The continuing changes to Google’s algorithms demonstrate the dangers in relying on a single source of customers, namely Google organic search results. Whilst search engine optimization is important, it must never be relied on. Further you should never compromise too much on your site design and navigation to improve your SEO at the expense of your visitor’s experience. Bending a site too much to placate Google may result in creating a new hole in your funnel. It is worth remembering that SEO only gets you visitors. It is your site that converts them to customers, and it is customers who pay the bills.

Moving Away from Google

So, before you invest your hard earned profits in yet another pass in SEO for your site, consider alternative marketing first — especially, marketing that does not rely on Google. That way you may become independent of the Google dance.

For example, look at your existing customers. What do you do to attract a repeat sale? Unlike the cable companies and insurance companies who reserve their best deals for new customers, ecommerce retailers should offer the good deals to their existing customers. Reward loyalty. Consider a loyalty point scheme. Consider offering 10 percent off the second purchase. Offer rewards for signing up to a newsletter. Have a regular topical newsletter that provides genuine offers. Having gone to the expense of marketing, SEO, and even paid advertisements to get a new customer, why not consolidate these investments by making this new customer a repeat customer.

One of the key differences between a repeat customer and a new visitor is that the repeat customer knows your site. Repeat customers are not idle browsers; they come with deliberate intention. Hopefully this intention is to purchase. But it could be just to find out what is forthcoming and what is available, to plan future purchases. Thus returning customers have a higher conversion rate. They proportionally spend more than new customers.

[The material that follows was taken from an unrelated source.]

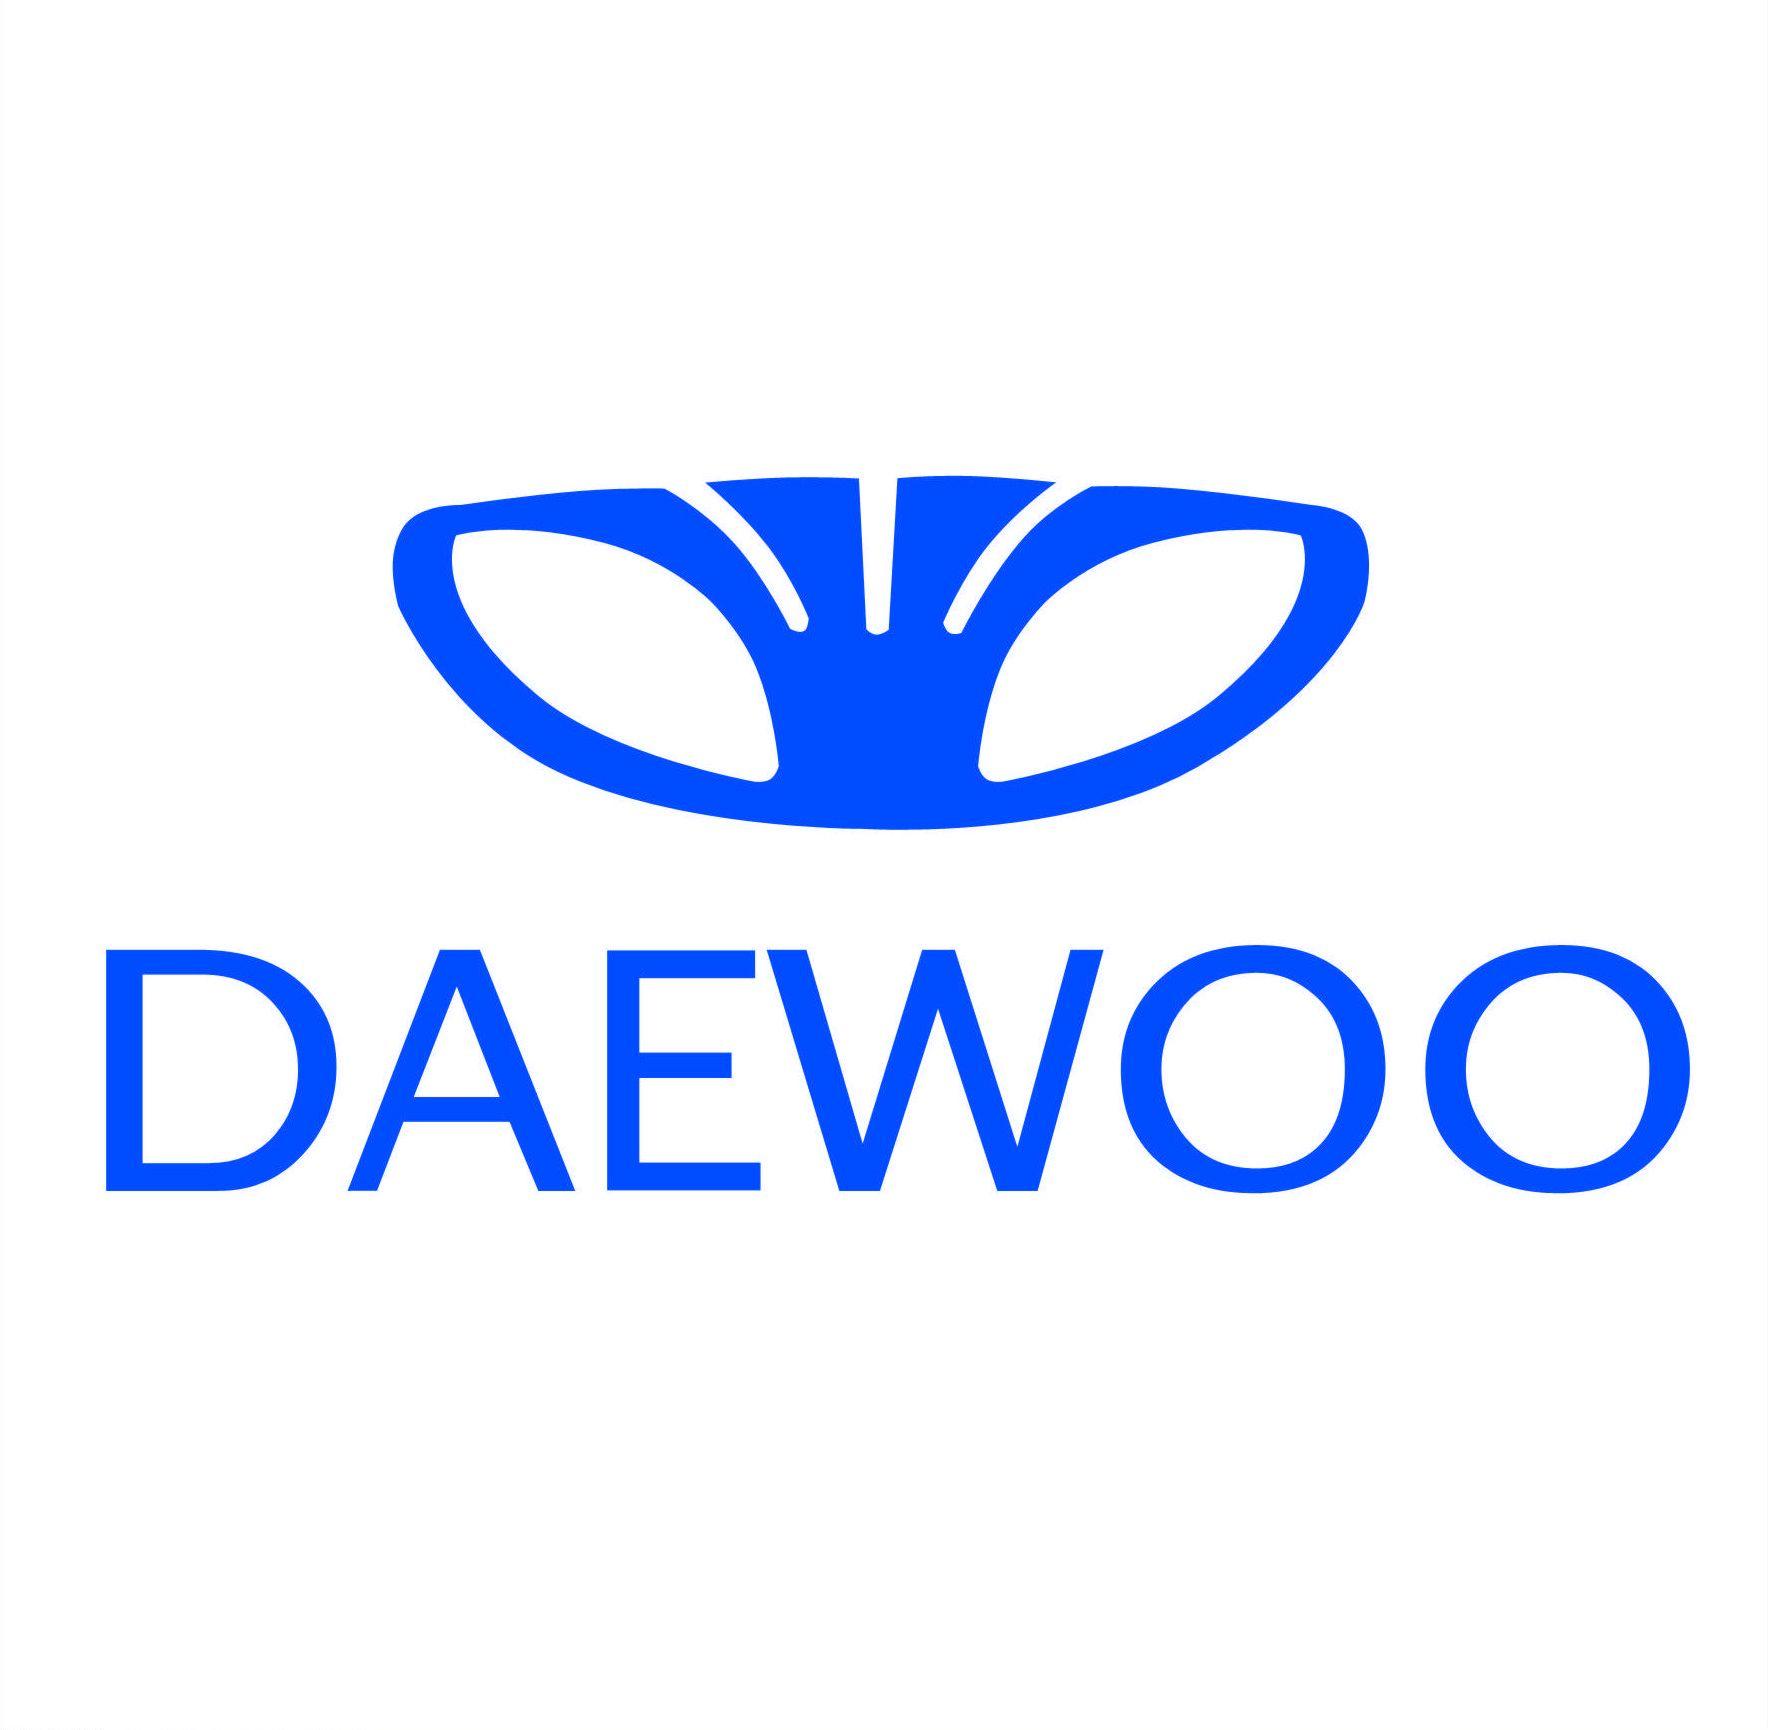 Old Daewoo Logo - Daewoo logo. Cars Heraldry / Автогеральдика. Logos и Cars

This, therefore, is my plan. Ignore the SEO ups and downs and concentrate on the real world. Encourage more customers to re-visit. Keep reminding them that we are reliable — in the important holiday season, reliability is key. We will deliver; they don’t have to worry. I am already composing my Christmas newsletters, planning to hit the early shoppers and then the latter panic shoppers. In other words, I’m going to stop reacting to Google’s actions and start doing my own.